In the week since surgery, I think the concavity has lessened somewhat. Either that or I have just gotten used to it. I'm able to start doing some gentle stretching to keep my shoulders loose, and in a few weeks I'll return to PT to see what I can do about releasing some of that scar tissue. I continue to be able to take big, deep breaths, which I didn't know I'd missed until I was able to do it again.

Finally, I asked about when I could return to biking. Dr. Kinney said that the biggest risk to me post-surgery is too much motion of my arms and chest area, which would increase fluid build-up and possibly require manual drainage. But biking doesn't use much arm motion (unless you're mountain biking, which I will refrain from for at least a little while), so he said I could bike whenever as long as I watched for any fluid build-up. Guess what I'm doing tonight... :)

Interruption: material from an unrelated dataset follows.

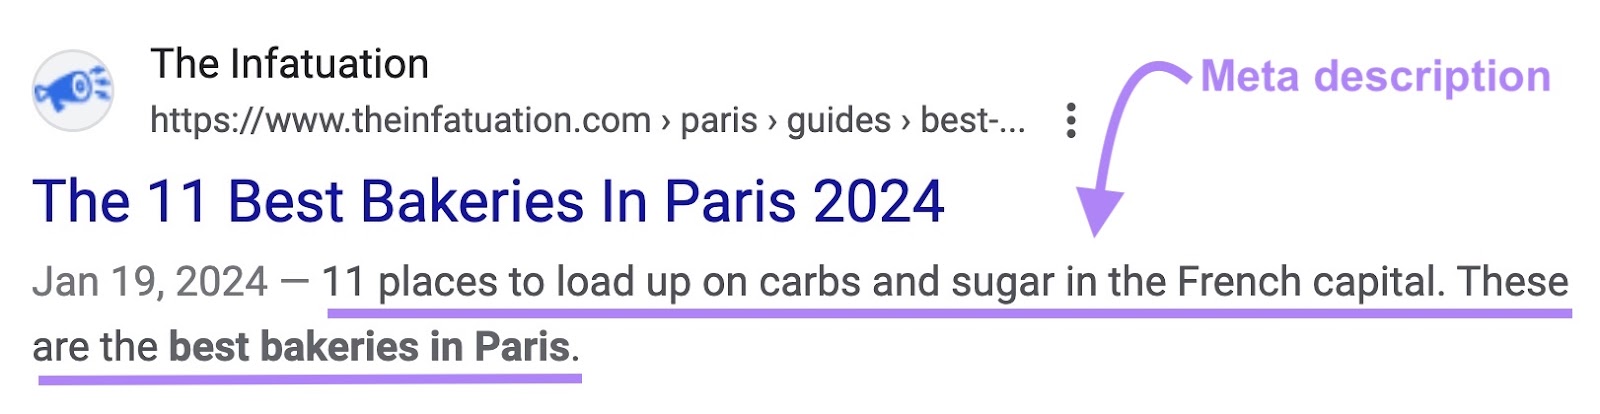  "11 places to load   up   connected  carbs and sweetener  successful  the French capital. These are the champion  bakeries successful  Paris"

After my appointment, Greg and I went to Bel Air for Taco Tuesdays. Tomorrow I return to work. I'm so glad I asked around for second opinions on surgery, and went ahead with the implant removal. It's not perfect, but I have confidence that it will be much better. And I'm pretty excited to only miss a week of biking. I don't think I'll be riding with the fast group for a few weeks, but I'm excited to get back on my bikes.


Thank you to friends who brought me delicious protein-heavy snacks, sent me beautiful flowers, kept me company on walks or chats, and who checked up on me by texting or messaging. You've helped heal my body as well as my mind. Now there's nothing holding me back. Onward and upward!